• _Task_:
Return all of the entries exactly, with nothing added or left out.

• _Material to process_:
•••••

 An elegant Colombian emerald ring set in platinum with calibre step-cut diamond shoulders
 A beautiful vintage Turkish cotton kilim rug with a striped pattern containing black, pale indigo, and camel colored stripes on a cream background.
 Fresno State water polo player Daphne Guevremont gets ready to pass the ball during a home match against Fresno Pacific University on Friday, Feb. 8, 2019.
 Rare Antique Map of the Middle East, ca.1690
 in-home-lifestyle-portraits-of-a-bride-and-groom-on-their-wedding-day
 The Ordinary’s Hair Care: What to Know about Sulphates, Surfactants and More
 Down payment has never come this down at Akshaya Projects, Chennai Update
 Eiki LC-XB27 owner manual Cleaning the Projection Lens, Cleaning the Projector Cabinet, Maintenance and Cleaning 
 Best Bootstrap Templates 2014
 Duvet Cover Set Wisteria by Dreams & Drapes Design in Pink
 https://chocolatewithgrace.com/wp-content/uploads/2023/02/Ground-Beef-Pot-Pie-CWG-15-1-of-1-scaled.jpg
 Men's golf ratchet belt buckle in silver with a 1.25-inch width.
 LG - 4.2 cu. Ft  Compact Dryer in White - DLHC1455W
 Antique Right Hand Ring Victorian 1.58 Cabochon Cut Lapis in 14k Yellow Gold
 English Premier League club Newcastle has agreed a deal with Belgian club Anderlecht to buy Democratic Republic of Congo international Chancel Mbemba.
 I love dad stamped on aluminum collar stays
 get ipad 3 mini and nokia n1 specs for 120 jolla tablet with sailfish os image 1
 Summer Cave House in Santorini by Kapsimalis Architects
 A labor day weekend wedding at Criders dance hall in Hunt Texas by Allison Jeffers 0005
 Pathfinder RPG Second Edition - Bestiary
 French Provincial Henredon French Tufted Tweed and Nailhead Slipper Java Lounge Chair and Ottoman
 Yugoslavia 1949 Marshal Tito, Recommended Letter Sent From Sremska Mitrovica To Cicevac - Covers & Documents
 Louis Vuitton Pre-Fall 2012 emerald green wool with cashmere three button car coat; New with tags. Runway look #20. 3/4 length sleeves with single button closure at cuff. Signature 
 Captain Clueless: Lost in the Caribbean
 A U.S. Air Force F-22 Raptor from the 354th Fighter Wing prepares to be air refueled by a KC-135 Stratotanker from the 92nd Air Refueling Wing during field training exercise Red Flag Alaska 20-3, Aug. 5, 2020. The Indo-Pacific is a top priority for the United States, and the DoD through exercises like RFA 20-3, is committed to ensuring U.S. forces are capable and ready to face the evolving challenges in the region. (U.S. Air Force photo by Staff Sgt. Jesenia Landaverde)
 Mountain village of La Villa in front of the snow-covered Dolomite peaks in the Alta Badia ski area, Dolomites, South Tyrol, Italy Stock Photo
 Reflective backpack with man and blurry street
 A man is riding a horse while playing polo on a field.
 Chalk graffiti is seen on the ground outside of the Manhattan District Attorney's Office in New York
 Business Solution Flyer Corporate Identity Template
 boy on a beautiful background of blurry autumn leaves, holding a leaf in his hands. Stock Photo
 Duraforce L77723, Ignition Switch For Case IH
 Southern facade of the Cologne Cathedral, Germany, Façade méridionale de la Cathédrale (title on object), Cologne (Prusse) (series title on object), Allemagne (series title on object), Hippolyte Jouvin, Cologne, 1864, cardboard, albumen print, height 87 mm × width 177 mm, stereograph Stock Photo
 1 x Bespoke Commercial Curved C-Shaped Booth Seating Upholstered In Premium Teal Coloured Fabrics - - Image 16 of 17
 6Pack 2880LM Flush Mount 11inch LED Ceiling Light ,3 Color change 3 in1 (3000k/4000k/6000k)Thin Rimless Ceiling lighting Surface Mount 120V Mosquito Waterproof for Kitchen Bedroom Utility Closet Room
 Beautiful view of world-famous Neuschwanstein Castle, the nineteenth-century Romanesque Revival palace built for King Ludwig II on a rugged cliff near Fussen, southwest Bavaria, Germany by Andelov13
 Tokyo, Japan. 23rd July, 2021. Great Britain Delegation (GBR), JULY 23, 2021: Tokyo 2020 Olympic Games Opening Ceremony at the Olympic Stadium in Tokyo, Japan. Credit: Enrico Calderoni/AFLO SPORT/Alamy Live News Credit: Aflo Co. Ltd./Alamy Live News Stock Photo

•••••

• _Written response_:
 An elegant Colombian emerald ring set in platinum with calibre step-cut diamond shoulders
 A beautiful vintage Turkish cotton kilim rug with a striped pattern containing black, pale indigo, and camel colored stripes on a cream background.
 Fresno State water polo player Daphne Guevremont gets ready to pass the ball during a home match against Fresno Pacific University on Friday, Feb. 8, 2019.
 Rare Antique Map of the Middle East, ca.1690
 in-home-lifestyle-portraits-of-a-bride-and-groom-on-their-wedding-day
 The Ordinary’s Hair Care: What to Know about Sulphates, Surfactants and More
 Down payment has never come this down at Akshaya Projects, Chennai Update
 Eiki LC-XB27 owner manual Cleaning the Projection Lens, Cleaning the Projector Cabinet, Maintenance and Cleaning 
 Best Bootstrap Templates 2014
 Duvet Cover Set Wisteria by Dreams & Drapes Design in Pink
 https://chocolatewithgrace.com/wp-content/uploads/2023/02/Ground-Beef-Pot-Pie-CWG-15-1-of-1-scaled.jpg
 Men's golf ratchet belt buckle in silver with a 1.25-inch width.
 LG - 4.2 cu. Ft  Compact Dryer in White - DLHC1455W
 Antique Right Hand Ring Victorian 1.58 Cabochon Cut Lapis in 14k Yellow Gold
 English Premier League club Newcastle has agreed a deal with Belgian club Anderlecht to buy Democratic Republic of Congo international Chancel Mbemba.
 I love dad stamped on aluminum collar stays
 get ipad 3 mini and nokia n1 specs for 120 jolla tablet with sailfish os image 1
 Summer Cave House in Santorini by Kapsimalis Architects
 A labor day weekend wedding at Criders dance hall in Hunt Texas by Allison Jeffers 0005
 Pathfinder RPG Second Edition - Bestiary
 French Provincial Henredon French Tufted Tweed and Nailhead Slipper Java Lounge Chair and Ottoman
 Yugoslavia 1949 Marshal Tito, Recommended Letter Sent From Sremska Mitrovica To Cicevac - Covers & Documents
 Louis Vuitton Pre-Fall 2012 emerald green wool with cashmere three button car coat; New with tags. Runway look #20. 3/4 length sleeves with single button closure at cuff. Signature 
 Captain Clueless: Lost in the Caribbean
 A U.S. Air Force F-22 Raptor from the 354th Fighter Wing prepares to be air refueled by a KC-135 Stratotanker from the 92nd Air Refueling Wing during field training exercise Red Flag Alaska 20-3, Aug. 5, 2020. The Indo-Pacific is a top priority for the United States, and the DoD through exercises like RFA 20-3, is committed to ensuring U.S. forces are capable and ready to face the evolving challenges in the region. (U.S. Air Force photo by Staff Sgt. Jesenia Landaverde)
 Mountain village of La Villa in front of the snow-covered Dolomite peaks in the Alta Badia ski area, Dolomites, South Tyrol, Italy Stock Photo
 Reflective backpack with man and blurry street
 A man is riding a horse while playing polo on a field.
 Chalk graffiti is seen on the ground outside of the Manhattan District Attorney's Office in New York
 Business Solution Flyer Corporate Identity Template
 boy on a beautiful background of blurry autumn leaves, holding a leaf in his hands. Stock Photo
 Duraforce L77723, Ignition Switch For Case IH
 Southern facade of the Cologne Cathedral, Germany, Façade méridionale de la Cathédrale (title on object), Cologne (Prusse) (series title on object), Allemagne (series title on object), Hippolyte Jouvin, Cologne, 1864, cardboard, albumen print, height 87 mm × width 177 mm, stereograph Stock Photo
 1 x Bespoke Commercial Curved C-Shaped Booth Seating Upholstered In Premium Teal Coloured Fabrics - - Image 16 of 17
 6Pack 2880LM Flush Mount 11inch LED Ceiling Light ,3 Color change 3 in1 (3000k/4000k/6000k)Thin Rimless Ceiling lighting Surface Mount 120V Mosquito Waterproof for Kitchen Bedroom Utility Closet Room
 Beautiful view of world-famous Neuschwanstein Castle, the nineteenth-century Romanesque Revival palace built for King Ludwig II on a rugged cliff near Fussen, southwest Bavaria, Germany by Andelov13
 Tokyo, Japan. 23rd July, 2021. Great Britain Delegation (GBR), JULY 23, 2021: Tokyo 2020 Olympic Games Opening Ceremony at the Olympic Stadium in Tokyo, Japan. Credit: Enrico Calderoni/AFLO SPORT/Alamy Live News Credit: Aflo Co. Ltd./Alamy Live News Stock Photo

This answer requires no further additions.